- **Problem description**
Omitting all images, transcribe the listing word for word.

- **Source material**

=======

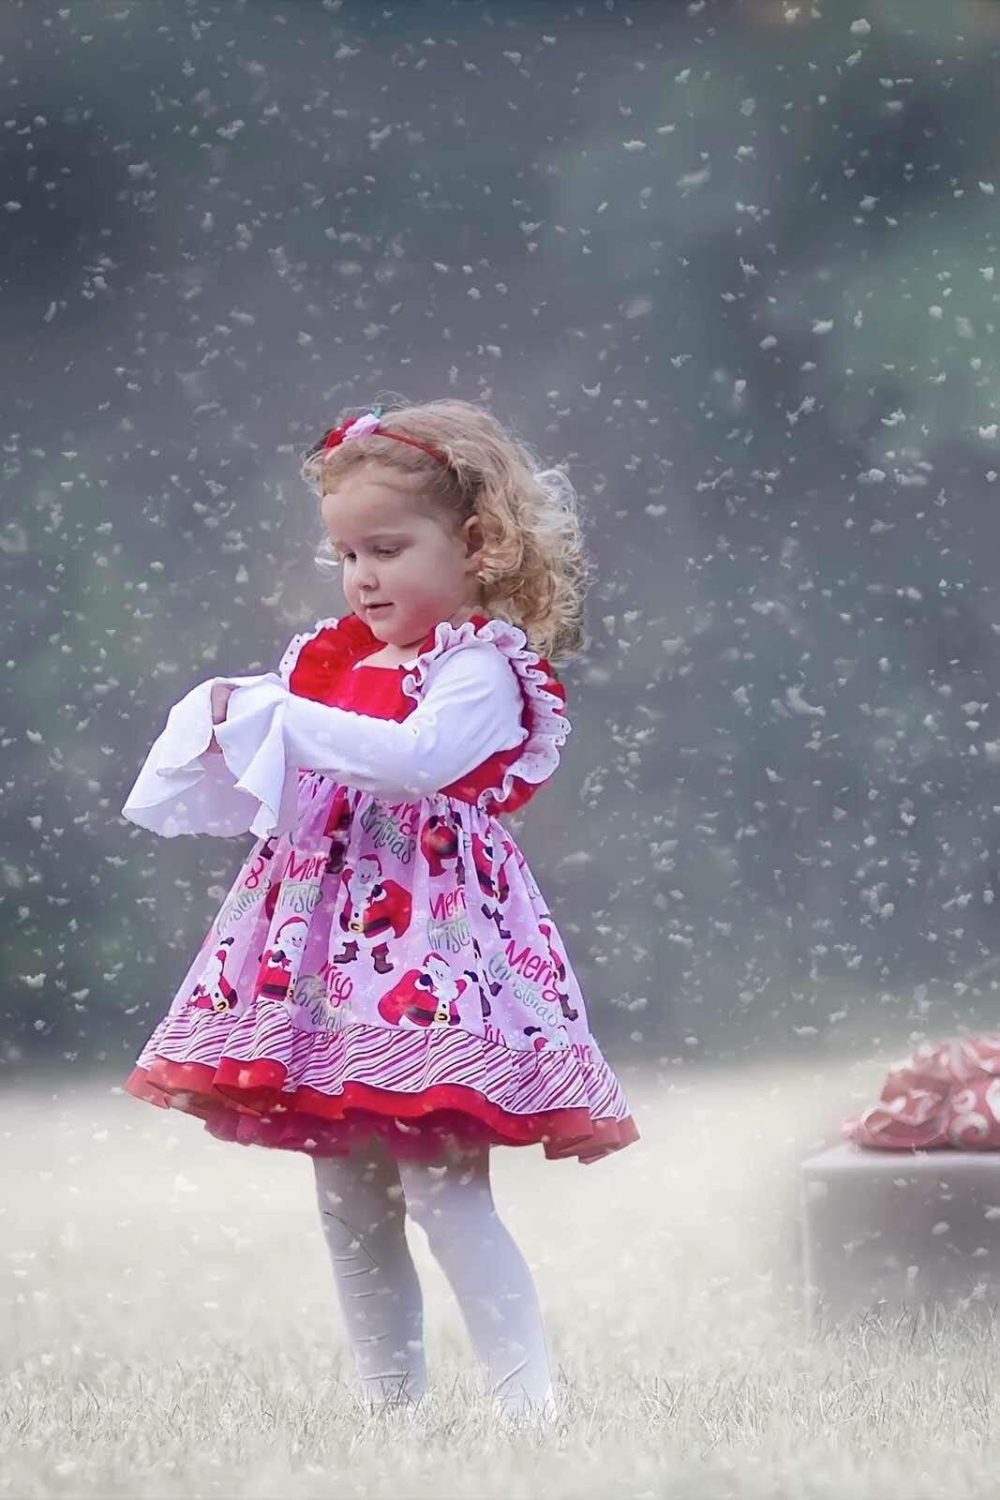 Kinder Kouture Ready-To-Ship 2T RTS Sugarplum Santa Dress
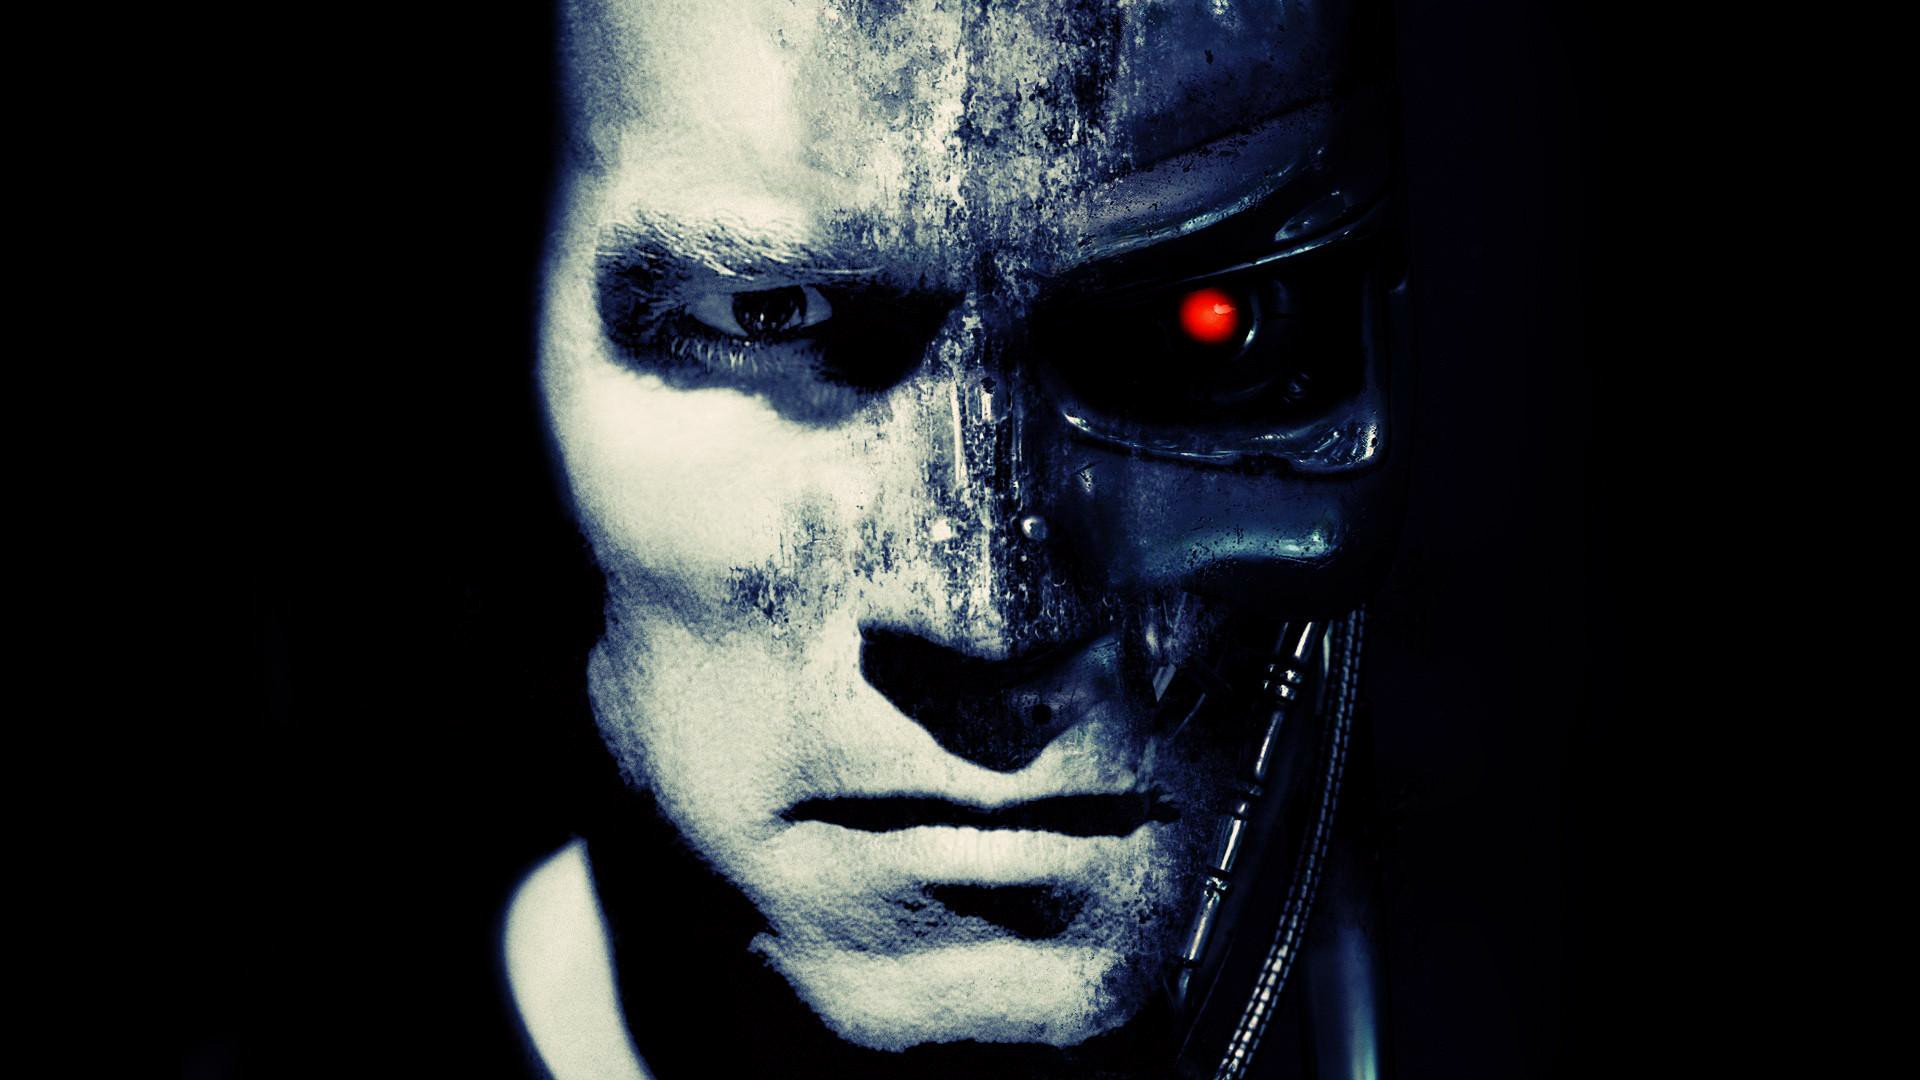 People 1920x1080 endoskeleton futuristic Arnold Schwarzenegger black background closeup science fiction cyborg movies face men red eyes simple background
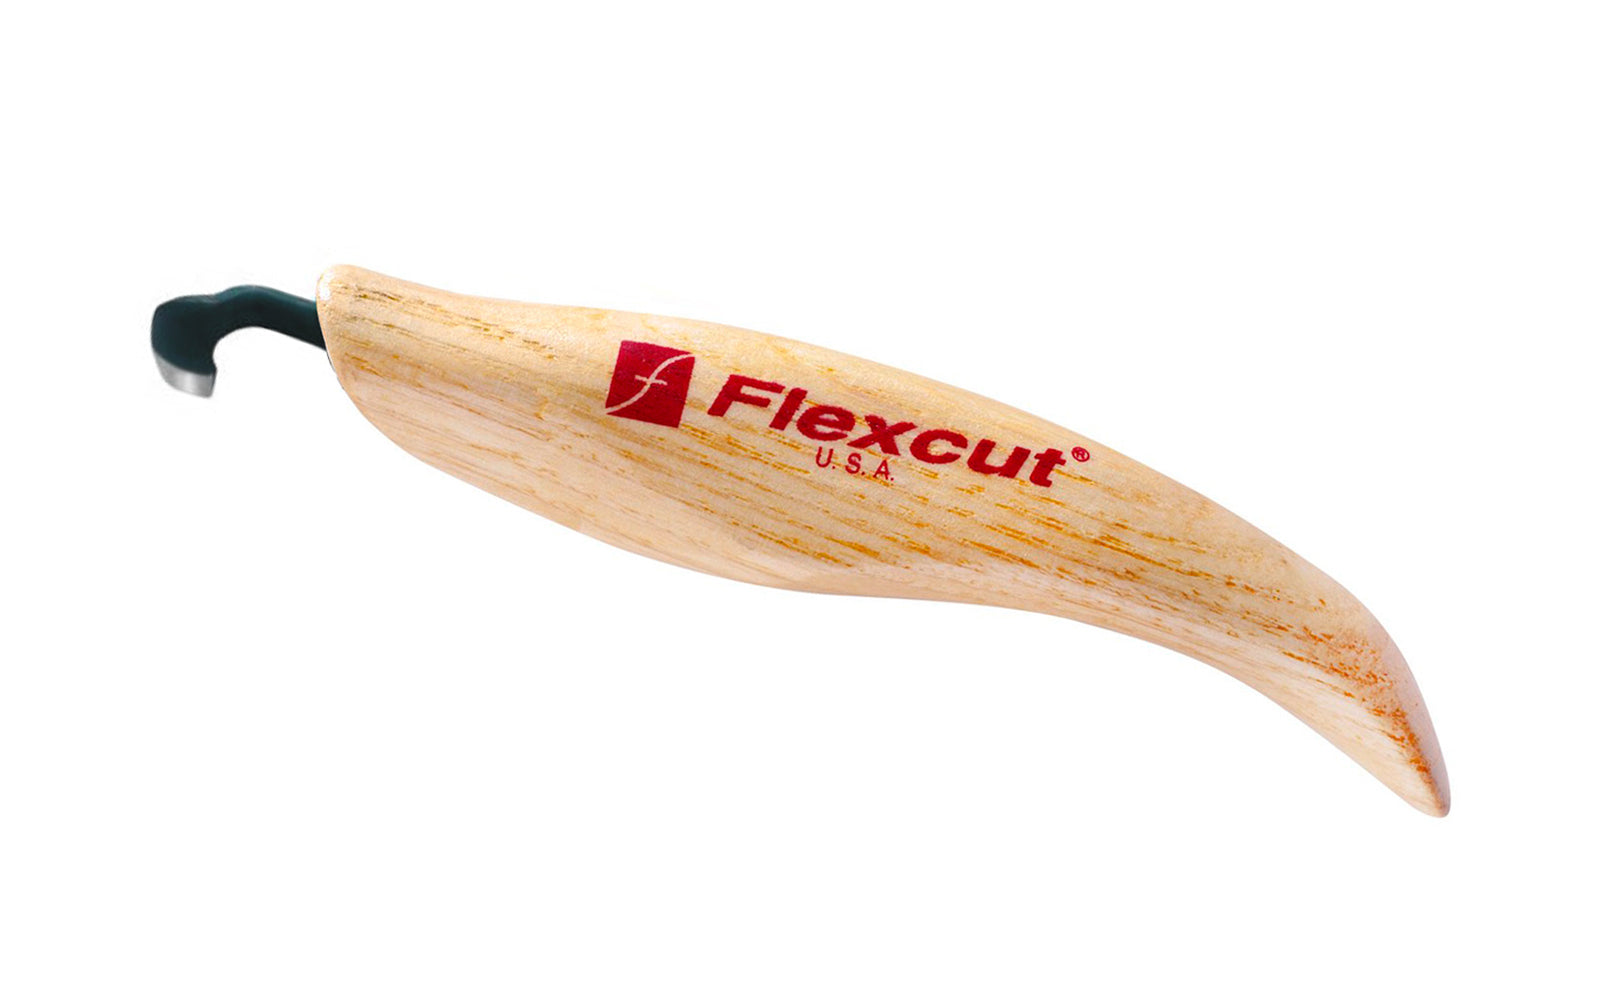 Flexcut - Chip Carving Knife

=======

- **Response below**
 Kinder Kouture Ready-To-Ship 2T RTS Sugarplum Santa Dress
 People 1920x1080 endoskeleton futuristic Arnold Schwarzenegger black background closeup science fiction cyborg movies face men red eyes simple background
 Flexcut - Chip Carving Knife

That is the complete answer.